The only exceptions are RaceModel.* files.

RaceModel#

RaceModel tells PointerAnalysis how to interpret certain function calls.

Given this example

void *entry(void *arg) {...}
...
pthread_create(t, NULL, entry, &val);

Pointer analysis needs to know that the call to pthread_create will cause the entry function to be executed, and that the arg passed to the entry function points to the memory location of val.

The RaceModel class is used to extend PointerAnalysis with the information necessary to build a correct call graph and link function arguments.

The two functions that control this are:

interceptFunction which decides how each function is expanded in the call graph
interceptCallSite which links the pointer from the call site to the called function

As any example, to tell Pointer Analysis that a call to pthread_create(t, NULL, entry, &val) should result in the entry function being visited next in the call graph, interceptFunction can be modified to include the following code.

InterceptResult RaceModel::interceptFunction(const ctx *callerCtx, const ctx *calleeCtx, const llvm::Function *F, const llvm::Instruction *callsite) {
  auto funcName = F->getName();
  ...
  if (PthreadModel::isPthreadCreate(funcName)) {
    race::PthreadCreateIR create(llvm::cast<CallBase>(callsite));
    auto callback = create.getThreadEntry()->stripPointerCasts();
    return {callback, InterceptResult::Option::EXPAND_BODY};
  }
  ...

To also link the pointer passed to the entry function (e.g. link&val to void *arg), the interceptCallSite can be updated accordingly.

bool RaceModel::interceptCallSite(const CtxFunction<ctx> *caller, const CtxFunction<ctx> *callee, const llvm::Function *originalTarget, const llvm::Instruction *callsite) {
  ...
  auto const funcName = call->getCalledFunction()->getName();
  if (PthreadModel::isPthreadCreate(funcName)) {
    // pthread_create passes a single void* as 4th arg
    //  pthread_create(null, foo, null, &val)
    //  foo(void *arg)
    // link 4th arg of caller to 1st arg of callee
    PtrNode *formal = this->getPtrNode(callee->getContext(), &*callee->getFunction()->arg_begin());
    PtrNode *actual = this->getPtrNode(caller->getContext(), call->getArgOperand(3));
    this->consGraph->addConstraints(actual, formal, Constraints::copy);
    return true;
  }
  ...

Logging#

This directory contains the code used throughout the project for logging.

PointerAnalysis#

This documentation is still in progress.

PreProcessing#

This directory contains a number of passes and transformations that make the LLVM IR easier for our tool to analyze.

Reporter#

This directory contains the code responsible for collecting detected races and formatting them into some output.

Eventually this directory should contain logic for reporting races in a JSON format, but the reporter is still under development.

Trace#

Trace contains the logic for simulating execution and creating a static program trace.

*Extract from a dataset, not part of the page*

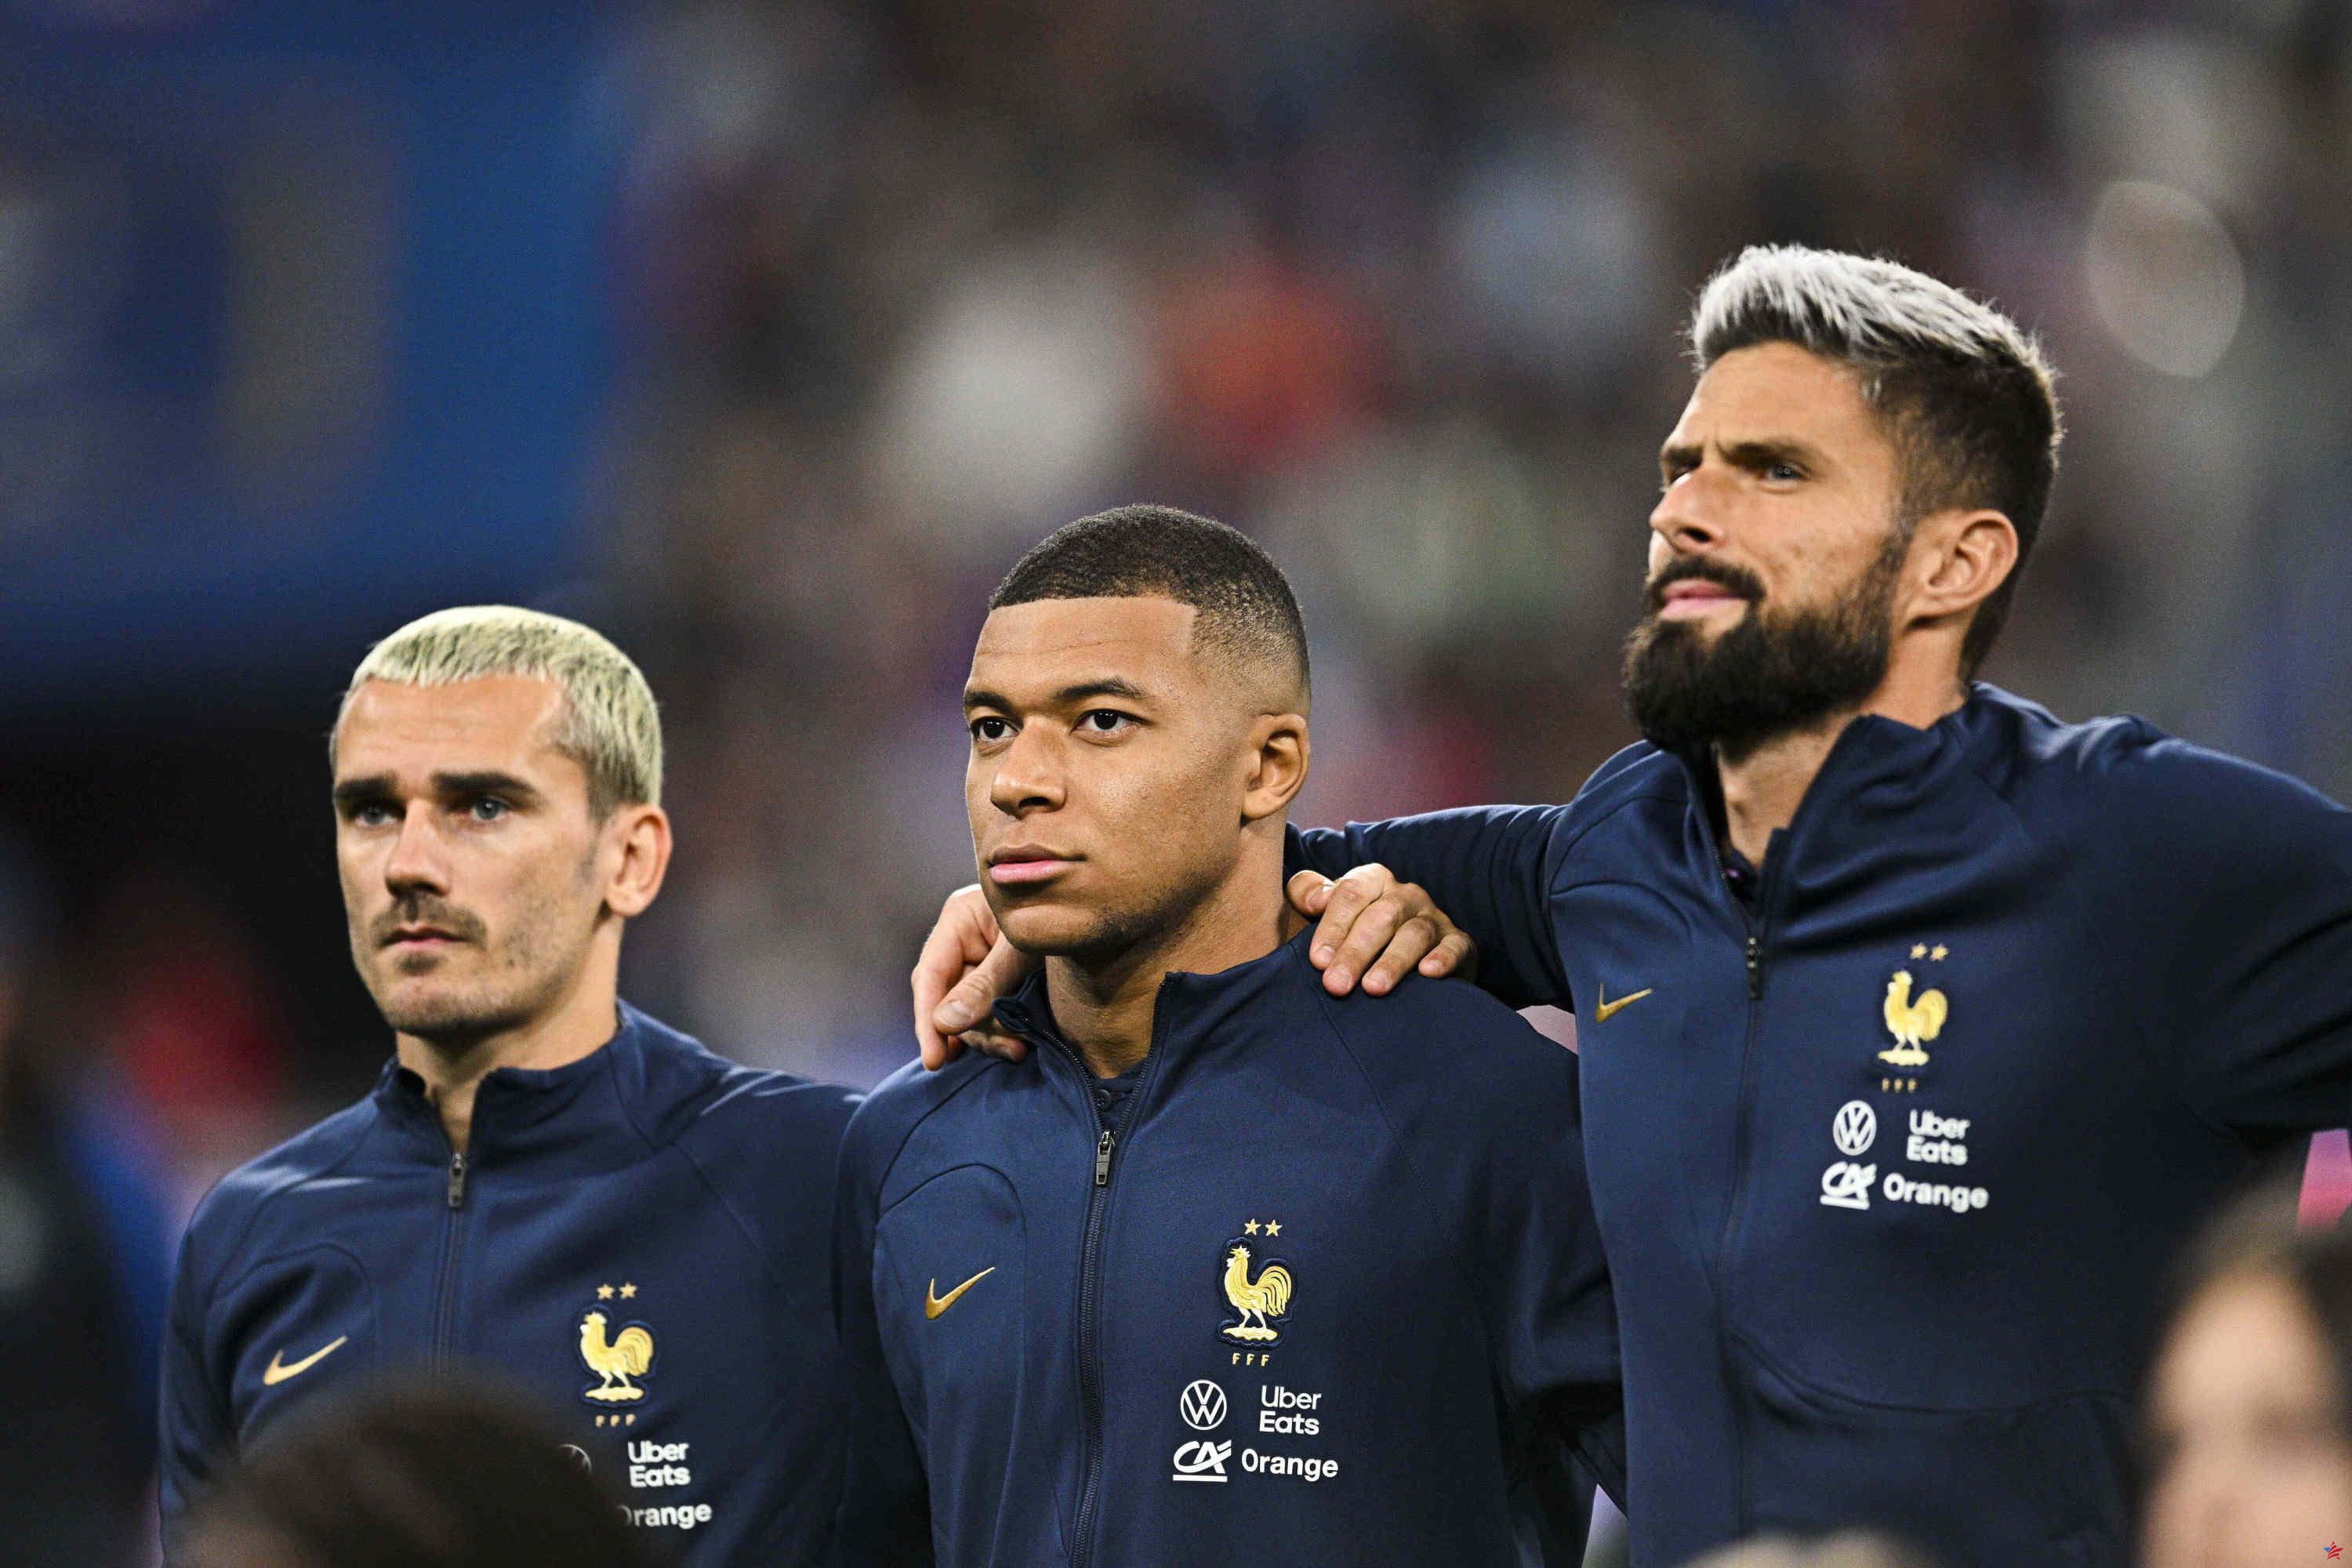 Juegos Olímpicos de París 2024: Thierry Henry prevé priorizar a Mbappé, Griezmann y Giroud

The important code in this directory are Event, ThreadTrace, and ProgramTrace.

The Event contains a list of interfaces, similar to the IR.h file (see the IR section). Each Event interface wraps an IR type. Where IR interfaces return values in the context of LLVM IR, events return values in the context of the simulated execution.

As an example, look at the following interface for a read at IR and Event levels.

class ReadIR {
public:
    virtual const llvm::Value *getReadValue() const = 0;
};

class ReadEvent {
public:
    virtual list<AbstractObj> *getReadMemory() const = 0;
};

The ReadIR interface returns the llvm::Value being accessed, but the Event interface returns a list of abstract locations in memory that could potentially be accessed.

This is the key difference between IR and Events. IR interfaces are just wrappers around LLVM IR instructions, but Events represent actual program events and their simulated execution.

Lastly, to construct a list of simulated events (e.g., a trace), a function in ThreadTrace takes an entry function as input, traverses the Race IR, and builds the simulated trace for a given thread.

The ProgramTrace class is just a collection of thread traces representing all threads that ran during simulated program execution.